Read more from the ACM series examining the future of the scheme:
- Australia, this is why we need to talk about the NDIS
- 'No longer sufficient': Former top cop's NDIS fraud warning
- Marcus 'needs to stay in his home': a mother's fight for her son
- 'Marking their own homework': Why Shorten rejected advice on NDIS review
- 'Like same-sex marriage vote': How NDIS costs debate is harming people with a disability
- Cost and benefits: The NDIS budget debate
Back within the agency, the task was efficiency as more participants rolled in.
This raised concerns by planners within the agency, who Ms Vincent-Pietsch claimed were worried it was becoming a "tick and flick" service.
She added staff weren't able to raise the issues without facing hardline responses from the executive management team.
"Our members were very concerned that they were not providing plans as good as they should be to participants," Ms Vincent-Pietsch said.
"It worried them a lot because of the pressure to do it quickly and to just get it done and to do it with a minimal amount of expense."
The former manager recalled experiencing the agency's "culture of concealment" where raising issues meant exposing yourself as a target to senior bureaucrats.
Well-informed policy responses, rigorous research papers and detailed risk assessments were scrapped in favour of whatever could be pulled together the quickest, they said.
"If there was a project or there was an initiative, nothing was ever systematically planned or completed, or shared across multiple departments, it was all very siloed," the former manager said.
"The primary and only objective was to get it done, appease whoever the head was at the time and make it look like everything's in accordance with either what the politicians are saying, or in the instance, during my tenure, [what] the CEO was saying."
The agency's staffing cap was eventually lifted beyond 4000 in 2019 - still well short of the Productivity Commission's expected 10,000-strong workforce - but has been steadily rising since.

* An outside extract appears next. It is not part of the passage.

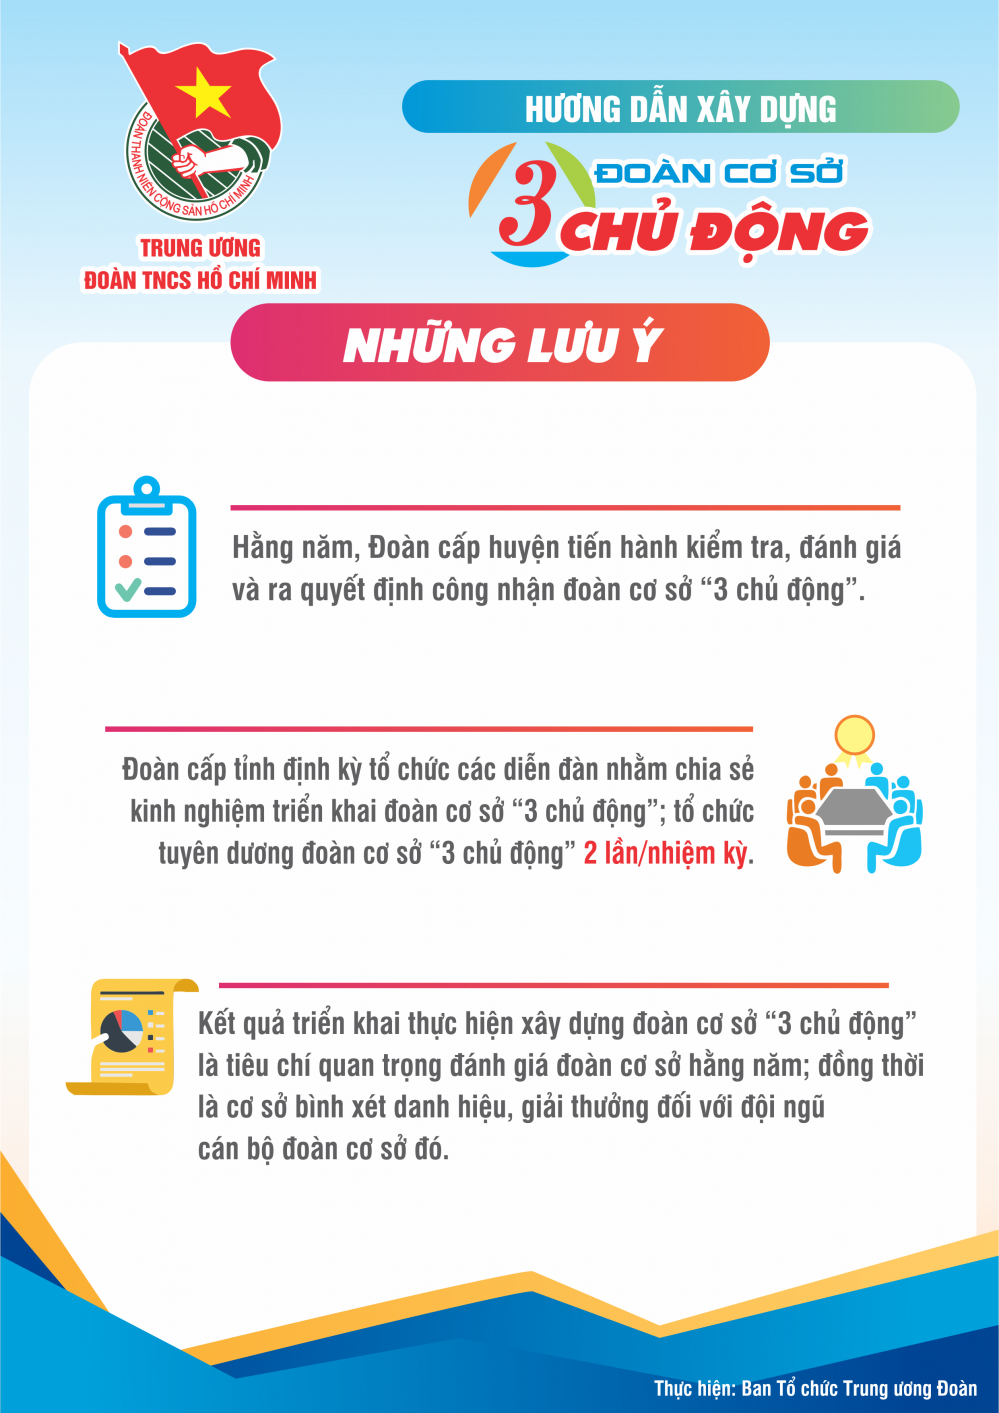 INFO 3 CHU DONG 5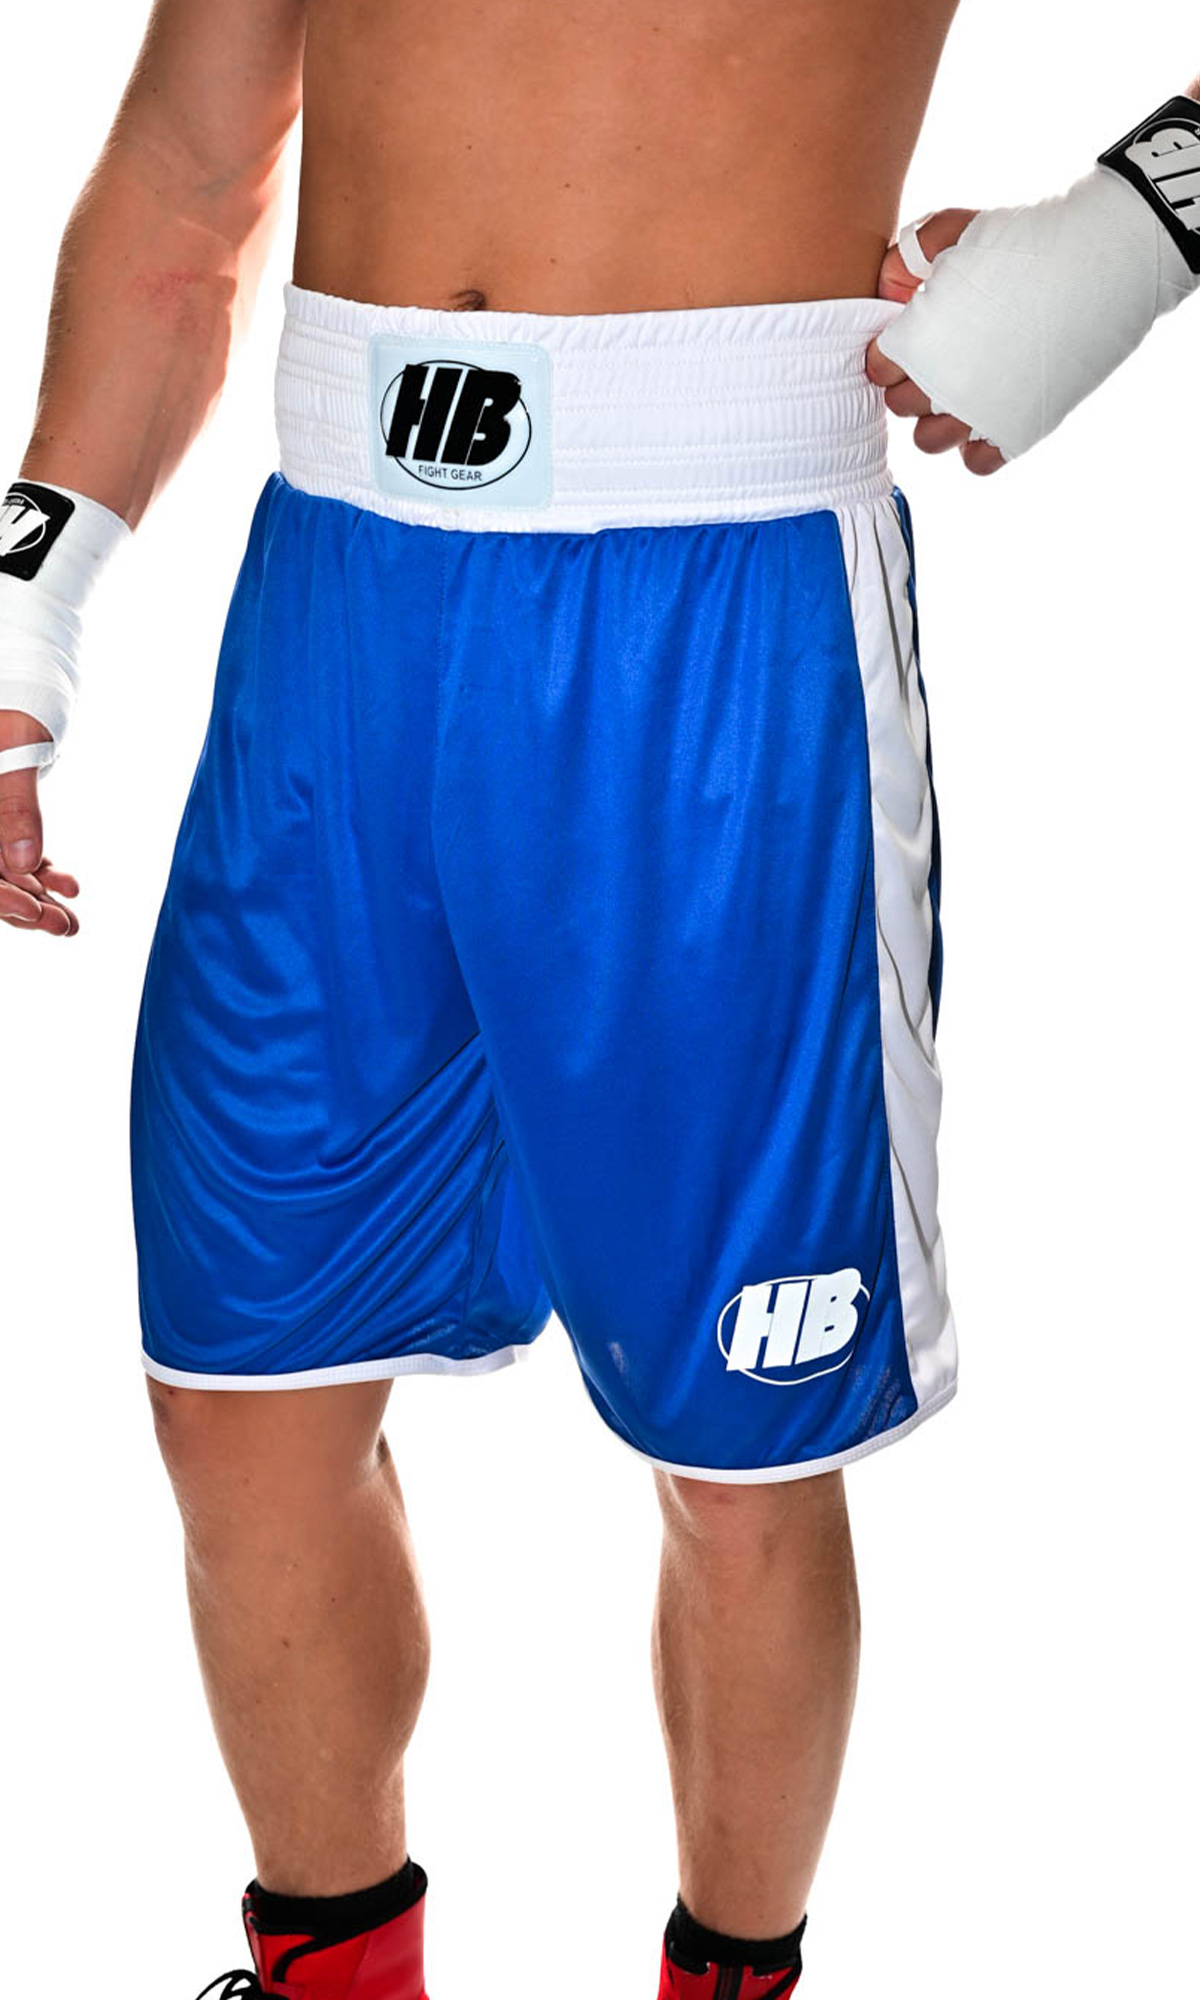 blue-boxing-shorts-hb

Since Labor's election win, staffing levels have surpassed 5000 but labour hire figures remain around a third of the workforce and are still rising.

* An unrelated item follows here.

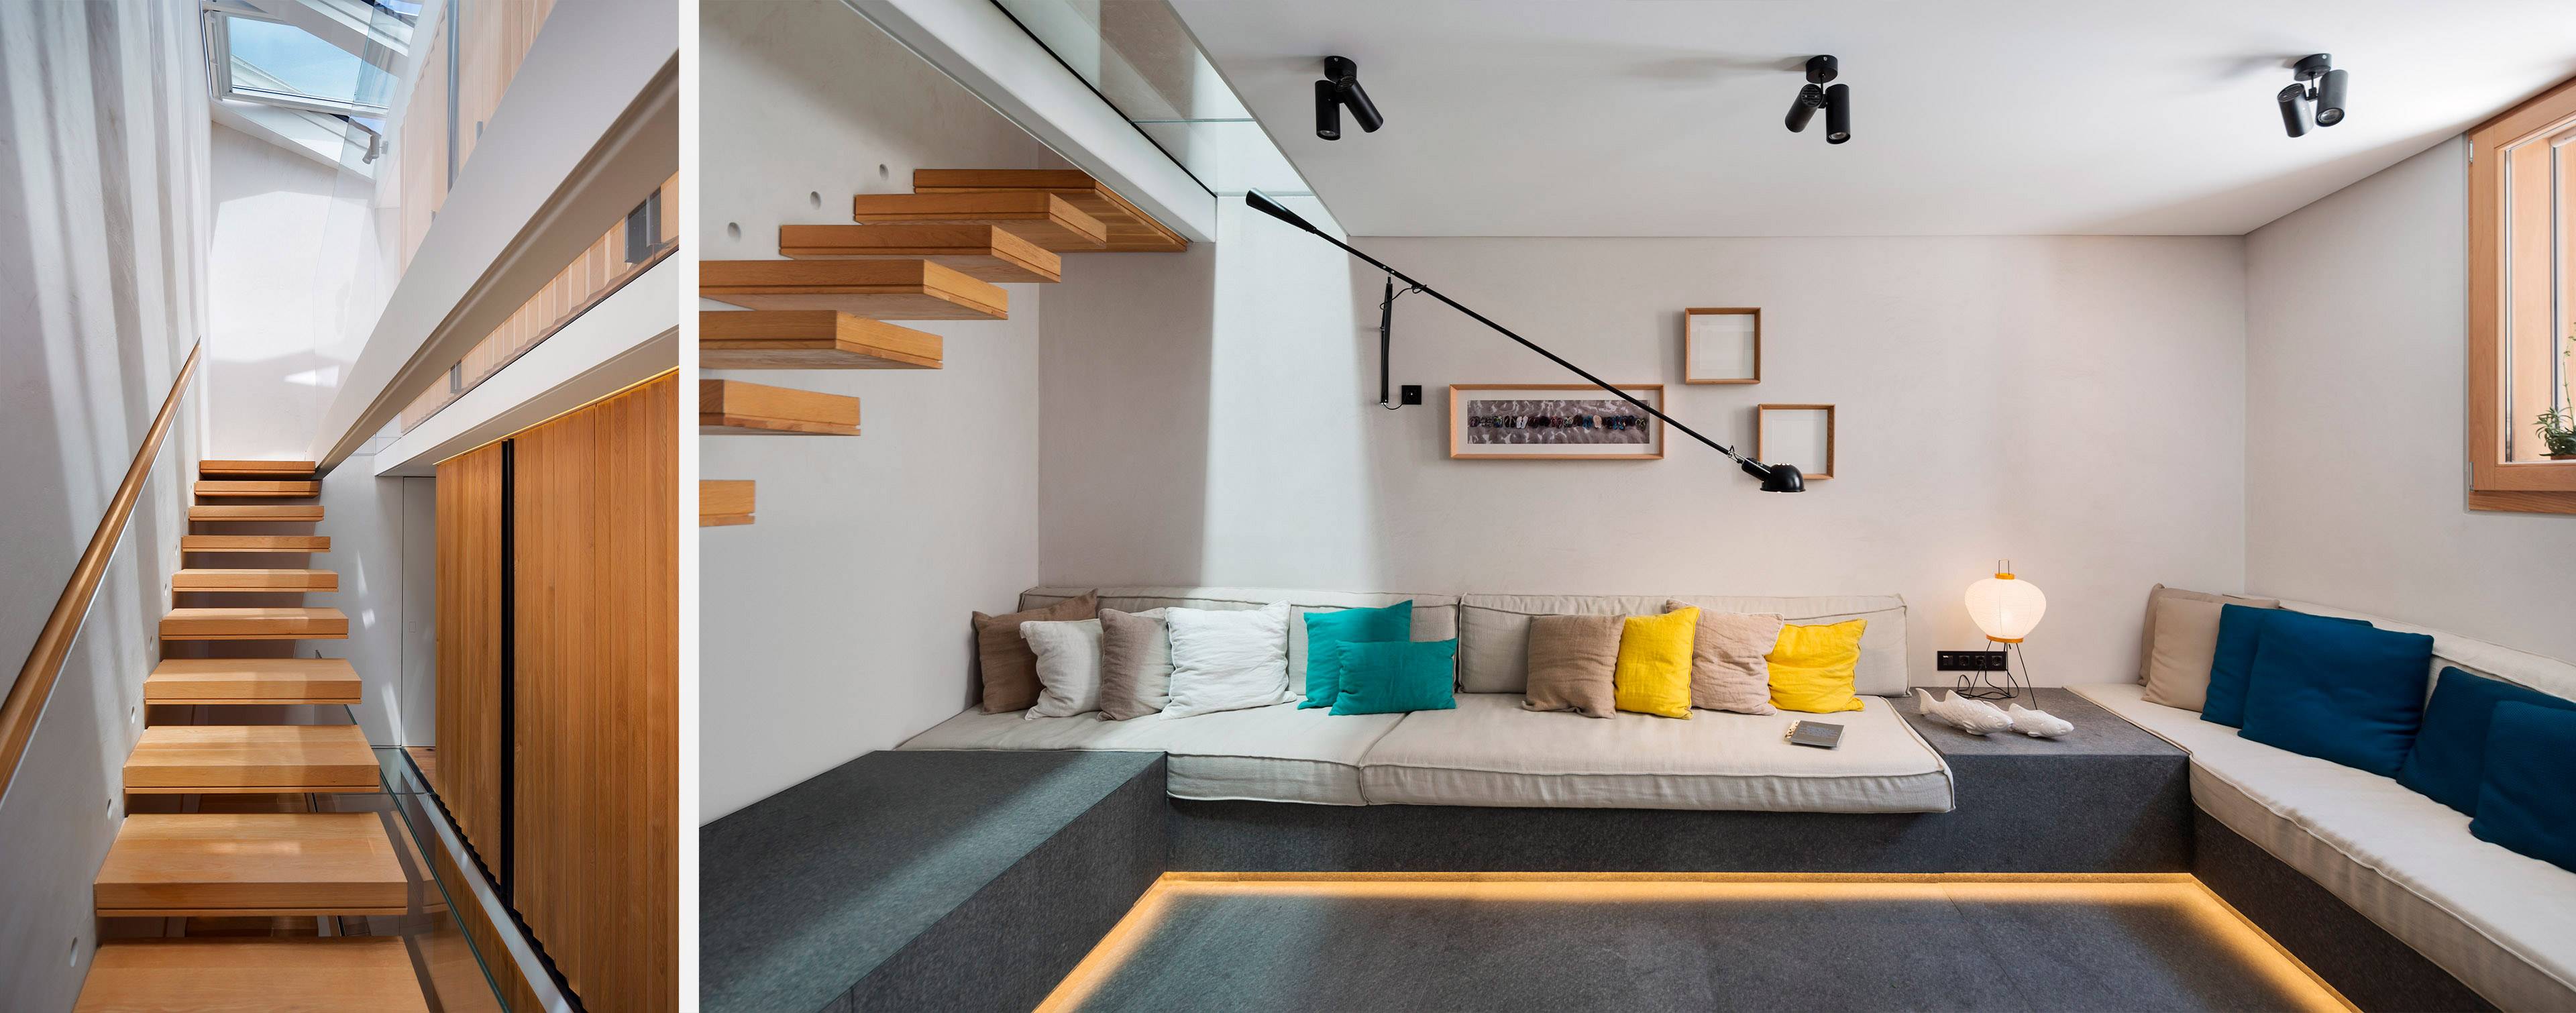 luv studio luxury architects algarve nano house IMG 02 - Nano House

An agency in need of 'more heart' at the top
One of NDIS Minister Bill Shorten's first moves in government was to boost the number of permanent staff in the agency by an additional 380 roles.
An earlier review handed to the former government revealed the NDIA's funding, and in turn, staffing, was not keeping pace with the skyrocketing size of the scheme.
But Ms Vincent-Pietsch said it was the people who made up the workforce that mattered too.
According to the union, the massive workloads and unreasonable key performance indicators meant it had failed to become a model employer for people with lived experiences.
Unable to keep up with unrealistic expectations, staff with disabilities often burned out quickly or were put on performance management plans, she said.
"Fortunately, the people that are drawn to work in this scheme - they do have deep commitment to the scheme's success and they are prepared to put in above and beyond," she said.
"But they need ... senior management to value their experience."
The former manager, who also has a disability, said little-to-no consideration was given to how his condition affected his work and output.
Former minister Linda Reynolds last year said the scheme was too reliant on the "natural empathy" of public servants.
While adequate resourcing is one part of the puzzle, the union thinks empathy is the other missing piece for the troubled agency.
"You need lived experience of disability and empathy at the core of this because we are dealing with some of Australia's most vulnerable and most in need," Ms Vincent-Pietsch said.